Genes can be selected by their expression level in the field (experiment) group. For example, to select genes with the expression level greater than 100 in any of the experiment from group 1, the following query is applicable:
$G1 > 100

Condition level can be applied to the group selection, namely, user can specify the number of fields from the group satisfying condition. To select genes for which at least in 10 experiments expression level is greater than 100, the previous query can be modified:
$G1:10 > 100

The condition can be specified in percents of group size:
$G1:50% > 100
The latter query allow to select genes in which at least 50% experiments from group 1 have expression level greater than 100.

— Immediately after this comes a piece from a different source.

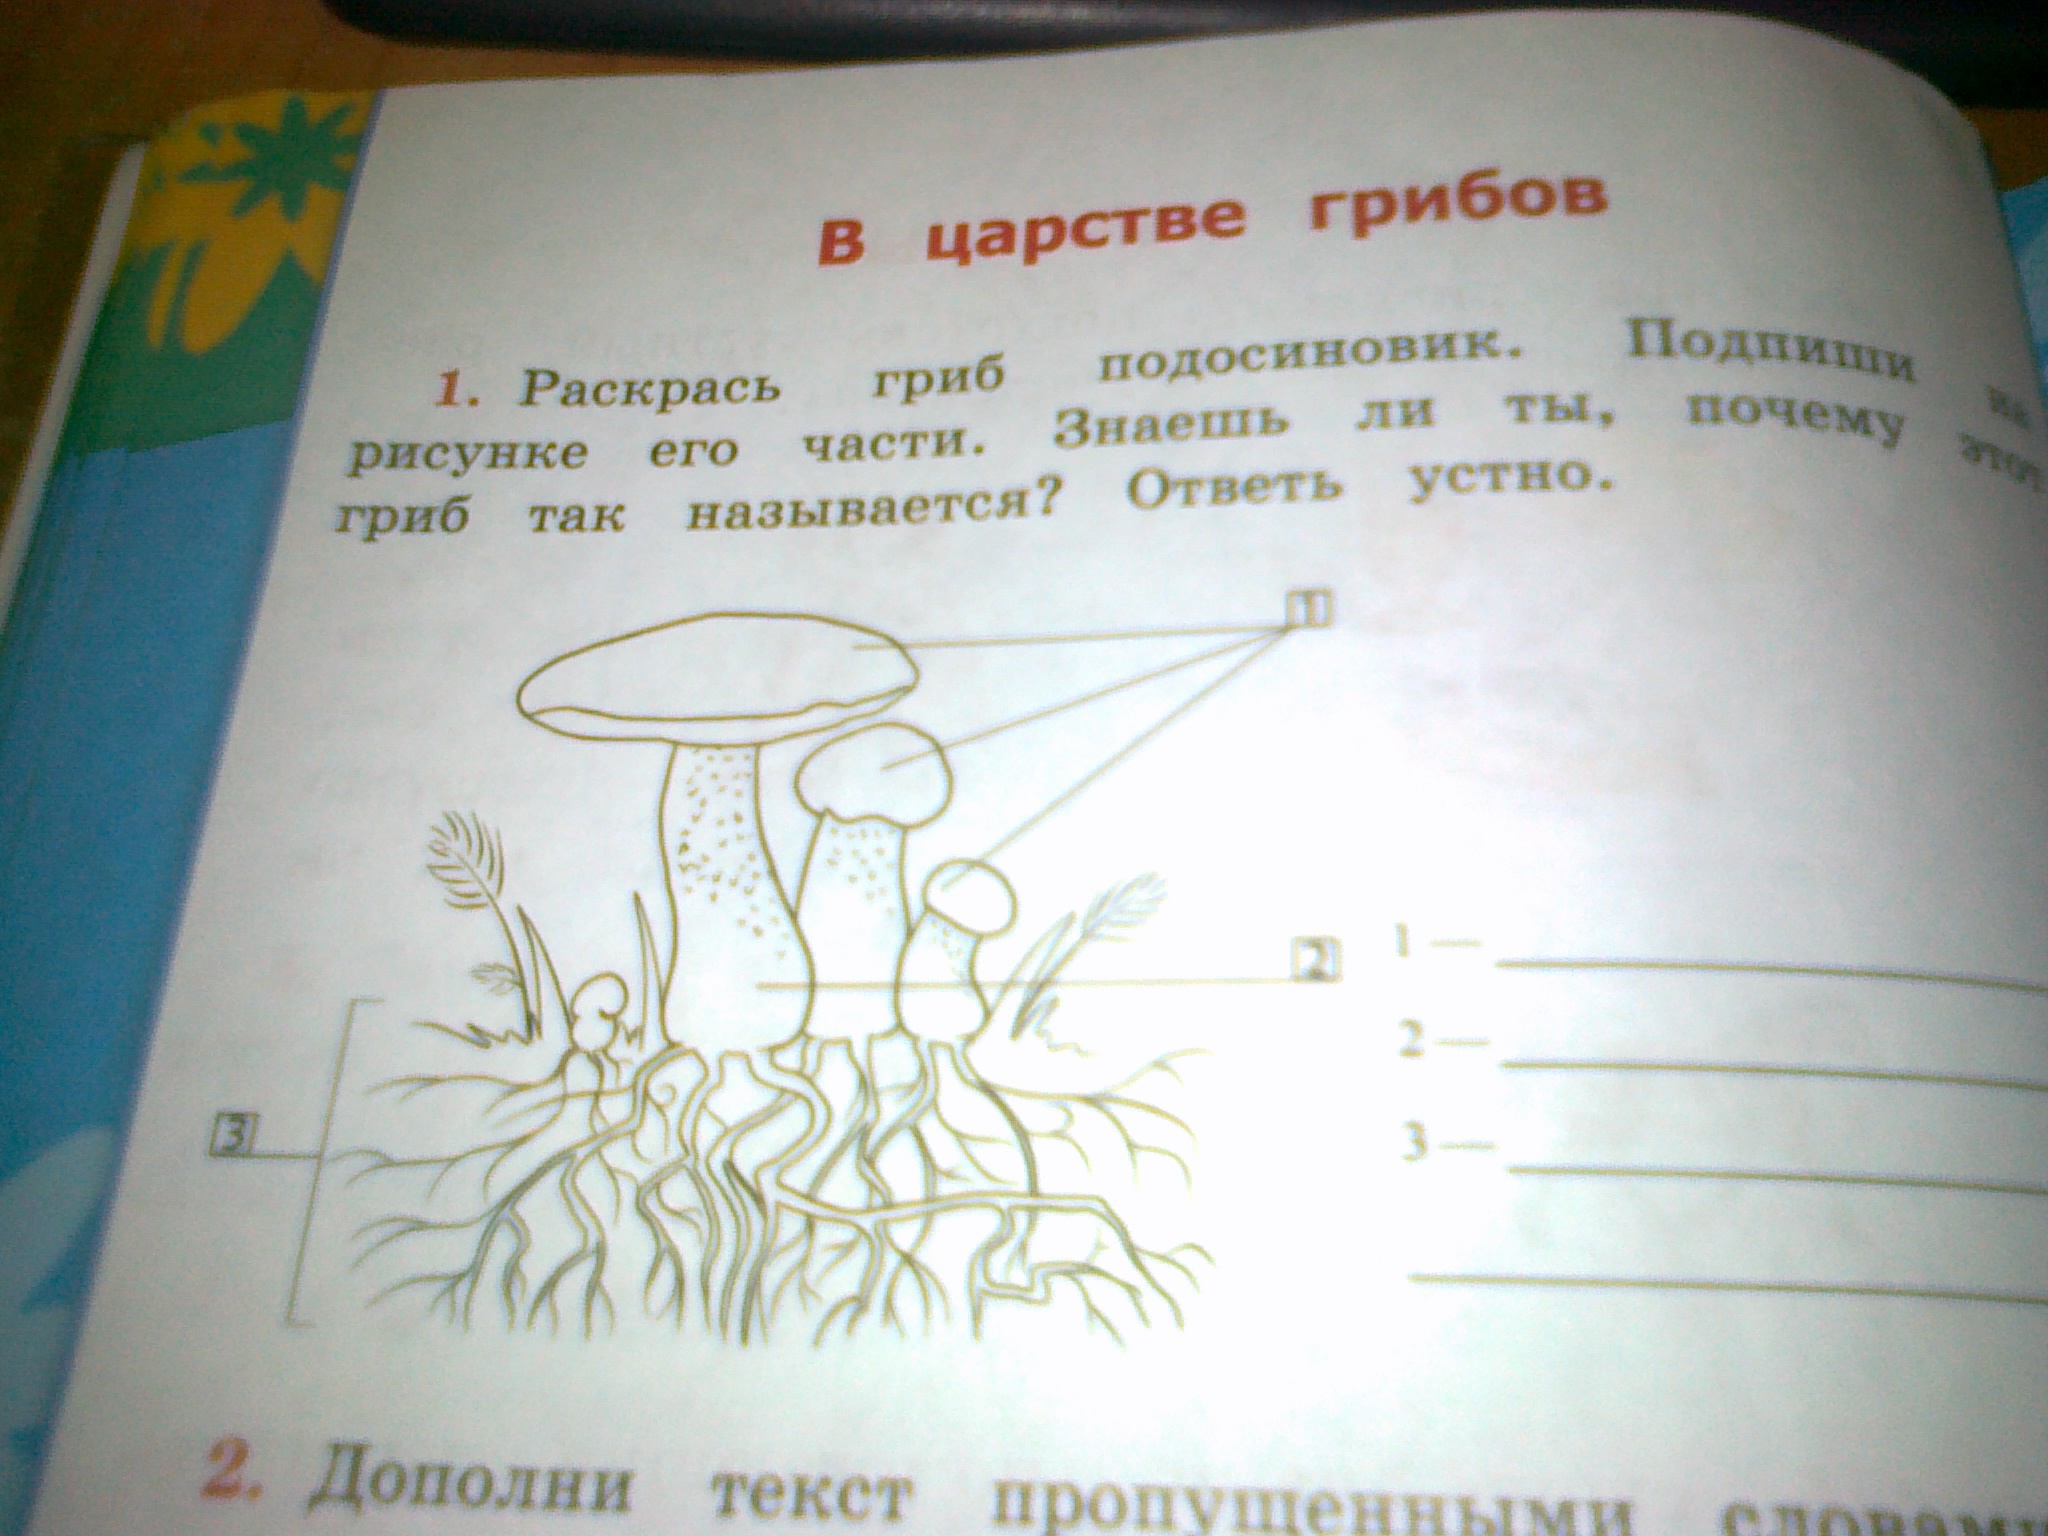 Рассмотри рисунок дополни текст. Раскрась гриб подосиновик Подпиши. Подписать части гриба подосиновик. Предложение со словом грибница.

The score can be ascribed to the gene upon query evaluation. For example if the query is $F3 > 100 and there are two genes satisfying this condition with $F3 expression levels 105 and 800, the gene with expression level 800 will have greater score.

Example of the output data


List of selected genes and their scores [12 total]:
No	Index	Name	Score
1	1	GEN30482	0.5167
2	2	GEN03437	0.7767
3	3	GEN03687	0.9467
4	4	GEN24649	0.9600
5	5	GEN09108	0.2333
6	6	GEN09514	0.9933
7	7	GEN24589	0.7067
8	8	GEN02291	1.0233
9	9	GEN24534	0.9300
10	10	GEN14489	0.8000
11	11	GEN33519	0.8000
12	13	GEN35755	0.8633

First line is the header. It contains number of selected genes in parentheses. Second line is the data descriptions, separated by tabulation: No - number of the gene, Index - index of the gene in the large data file; Name - gene name (to determine name field in the data by default program searches the field that is called 'Name' in the field list names); Score - query scores (the better gene fits query expression, the higher the score). Next lines list data for selected genes separated by tabulation.